Avant de commencer à parler du droit en vigueur, il est primordial de dresser un panorama des engins maritimes. Au sein de la grande catégorie des véhicules sous-marins sans personnel à bord (UUV’s), il y a d’un côté les drones sous-marins téléopérés (ROV’s) et d’un autre côté les robots autonomes sous-marins (AUV’s). La différence principale entre ces deux types d’engins réside dans la connexion entre l’opérateur et l’engin. Le drone sous-marin téléopéré est relié à l’opérateur par un câble ombilical, contrairement au robot autonome sous-marin. Il existe aussi des drones marins de surface téléopérés (USV)1 .

 

De par la modernité de ces technologies et de par la complexité du droit international, à ce jour le droit international est dénué de cadre juridique encadrant l’usage de ces dernières. En effet, il existe à ce jour aucune norme internationale ayant force obligatoire dans le domaine des drones maritimes.

 

Toutefois, selon une réunion du Groupe d’experts de la Commission océanographique intergouvernementale (COI) sur le statut juridique des systèmes d’acquisitions de données océaniques, il est possible de concevoir au moins trois scénarios :

  • Scénario 1 : Le drone maritime est déployé depuis un bateau-mère et est supervisé par celui-ci, alors l’engin semble rentrer dans la catégorie des “installations ou équipements de recherche scientifique dans le milieu marin” et est ainsi soumis à un régime spécifique.

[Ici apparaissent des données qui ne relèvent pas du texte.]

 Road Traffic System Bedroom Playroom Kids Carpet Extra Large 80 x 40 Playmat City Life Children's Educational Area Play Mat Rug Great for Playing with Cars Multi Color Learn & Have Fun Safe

  • Scénario 2 : Le drone maritime peut être considéré comme un navire au sens des conventions internationales. Dans ce cas, le droit applicable est celui issu de la partie VII de la Convention de Montego Bay, et par extension ces engins seront soumis à la juridiction de leur pavillon.

  • Scénario 3 : Le drone maritime n’est pas relié à un vaisseau-mère et n’est pas considéré comme un navire au sens du droit international. C’est le scénario le plus complexe car il paraît difficile d’identifier le statut que pourraient avoir les robots téléopérés au niveau international.

 

En conclusion, de nombreux drones maritimes décrits dans le scénario 3 sont déjà en activité, impliquant un vide juridique assez conséquent. Le régime international actuel est donc insuffisant et un nouveau cadre est nécessaire.

 

L’usage des drones maritimes engendre de nouvelles problématiques pour le droit maritime ; comment maintenir la responsabilité sécuritaire du capitaine ? Quid des obligations nécessitant une présence physique effective à bord ? Se pose aussi la question du droit social applicable dans les centres de pilotages autonomes, quelles qualifications ?2

Pour cela des États prennent les devant comme c’est le cas de la France qui se veut pionnière en la matière.

 

La France, par un arrêté du 20 mai 2020 3 et par une ordonnance du 13 octobre 2021 4 , devient l’un des premiers États à introduire les notions de drone maritime et de navire autonome dans son corpus juridique. La France fait figure de précurseur en la matière.

 

Il convient d’apporter une précision concernant l’articulation entre l’arrêté du 20 mai 2020 et l’ordonnance du 13 octobre 2021. L’arrêté fixe les modalités d’utilisation des drones maritimes dans le cadre d’une expérimentation de ces derniers, comme par exemple lorsque ces engins sont en phase de test. Les phases de test sont pour une durée de deux ans. L’ordonnance quant à elle est relative aux conditions d’utilisation des drones maritimes. Ici, il ne s’agit plus de tester son drone maritime, mais bien de l’utiliser voire de l’exploiter aussi bien à des fins personnels que professionnels.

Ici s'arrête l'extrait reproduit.